Technology, says Daniels, is giving businesses the tools to offer talent what they most want: choice, variety and flexibility. 

“A four-day working week – that’s not really providing choice, flexibility or variety, is it?”

For Ryle, the new technology is exactly why we need to make this change.  “When you think about the productivity gains made in the last couple of decades, none of that has fed through to a reduction in working hours or had an impact on leisure time,” he says.

A century ago, Ford said had he introduced the five-day week 20 years earlier, or even five years earlier, it would have been detrimental to productivity, because industry had not been sufficiently automated. 

Compromises

Just because we can do something, doesn’t mean we should. Even those who support the change acknowledge that cutting down to a four-day week means some compromises have to be made. “It really makes you focus on how you use your time,” says Goss. “You can’t have long lunches or mess about.”
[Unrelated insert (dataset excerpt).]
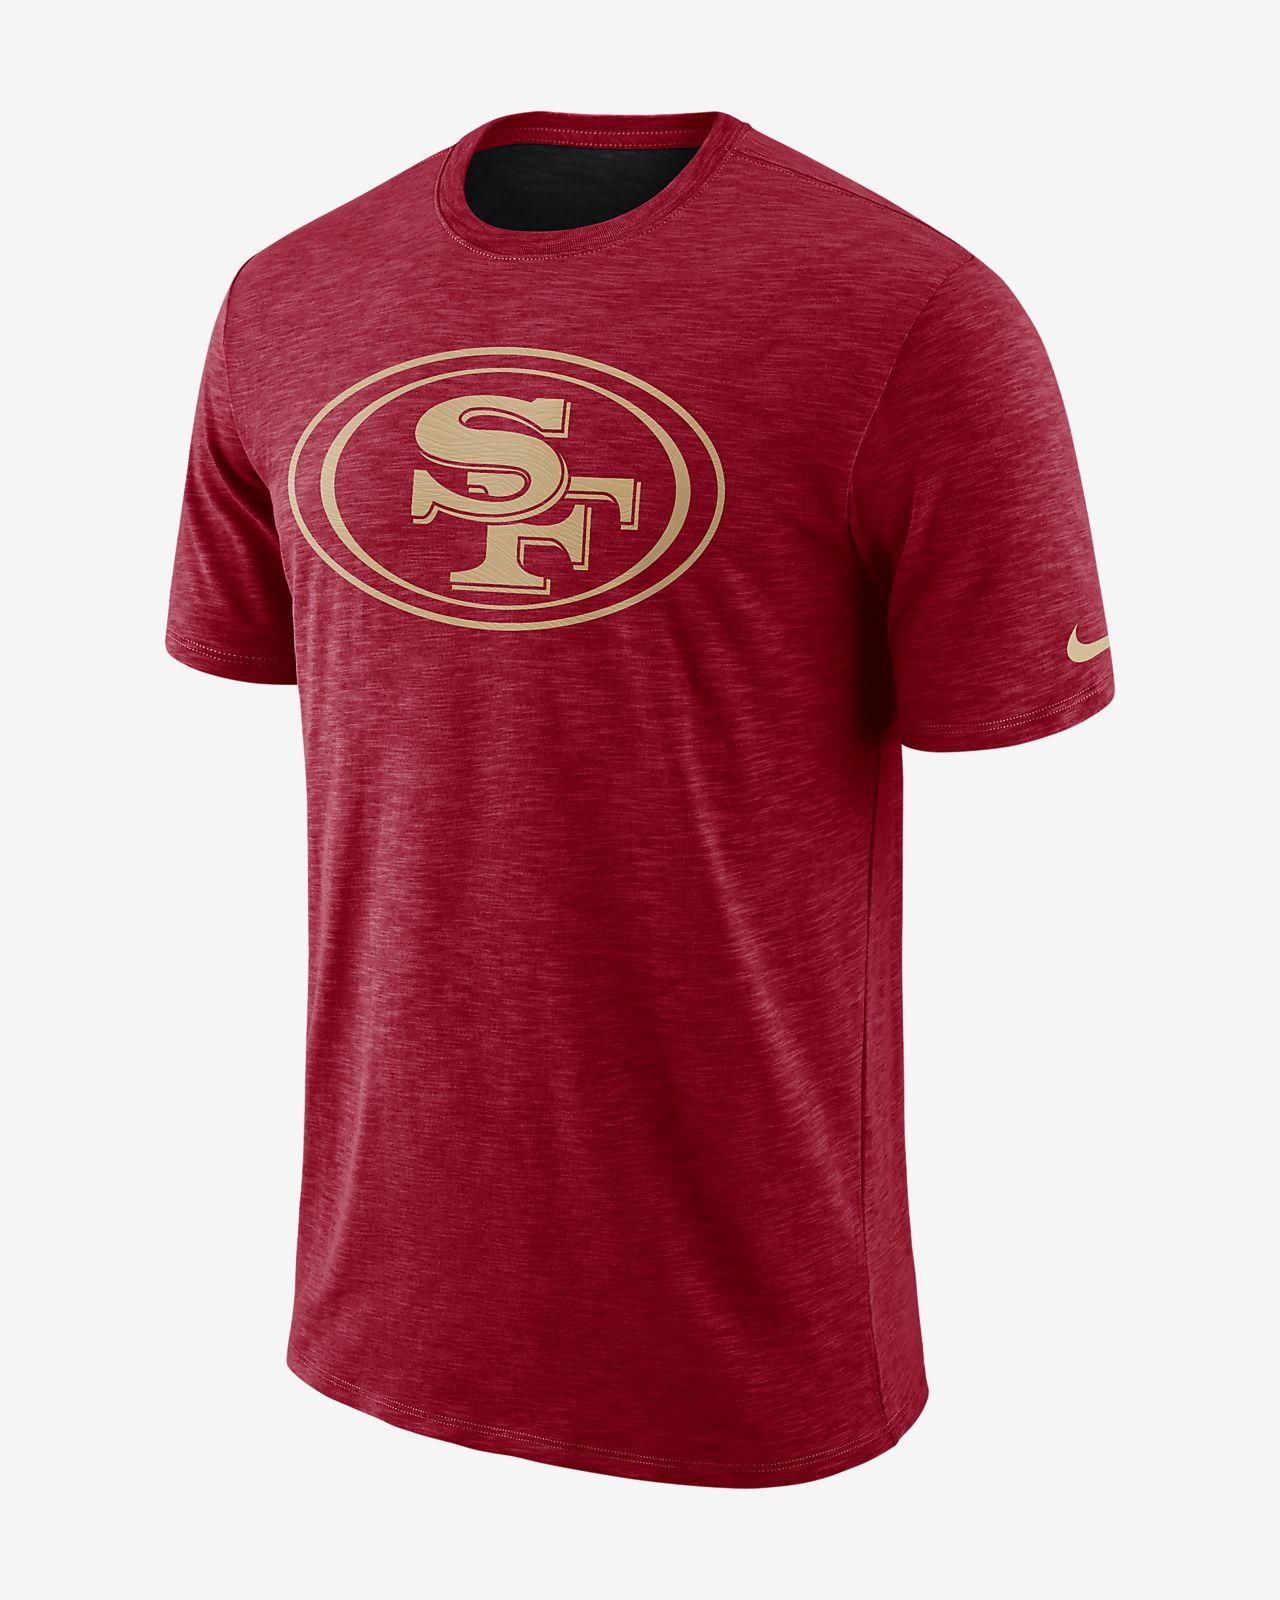 Jeu Réel Pas Cher Express Rapide Nike Tee-shirt Dri-FIT Legend On-Field (NFL 49ers) pour Homme Énorme Surprise Pas Cher En Ligne eRzWKy

For a people-focused industry such as real estate, that may be where the cultures clash.

“You will always have workaholics, just the same as you will always have those who like to take their time,” says Daniels. “What you have to do is give them flexibility.”

As other working practices become more entrenched, he says, such as remote working, flexible working and even virtual working, the presumed need for a four-day week will disappear. “Just like it did in the 1970s. This is something that is going to peter out.”

Goss firmly disagrees. “No, this is going to grow and grow and grow,” he says. “There is a lot of interest, everyone is talking about it.” He says he frequently gets calls from other businesses eager to know more. 

“There is a hunger for change, especially from younger people, and they will choose the firms that offer this,” he says. “We are more productive than we were three years ago. And it isn’t just us. Look at the evidence – almost every business that has tried this has reported the same thing. Every single sector it has been tried in has seen that it raises productivity.” 

And, as Ryle points out, there are very few examples of businesses that have gone back to a five-day week after trialling a four-day model.

“Be cynical, but give it a go,” urges Goss. “Do it critically. Test and measure.”

And if it does increase productivity, stick with it. “We didn’t do this because it was a nice thing to do,” Goss points out. “We are a commercial business; we did this for commercial reasons. We may be called Barefoot, but we aren’t a bunch of hippies.”

After all, not even Henry Ford thought the five-day week was the perfect balance. “The five-day week is not the ultimate, and neither is the eight-hour day. It is enough to manage what we are equipped to manage and to let the future take care of itself. It will anyway.”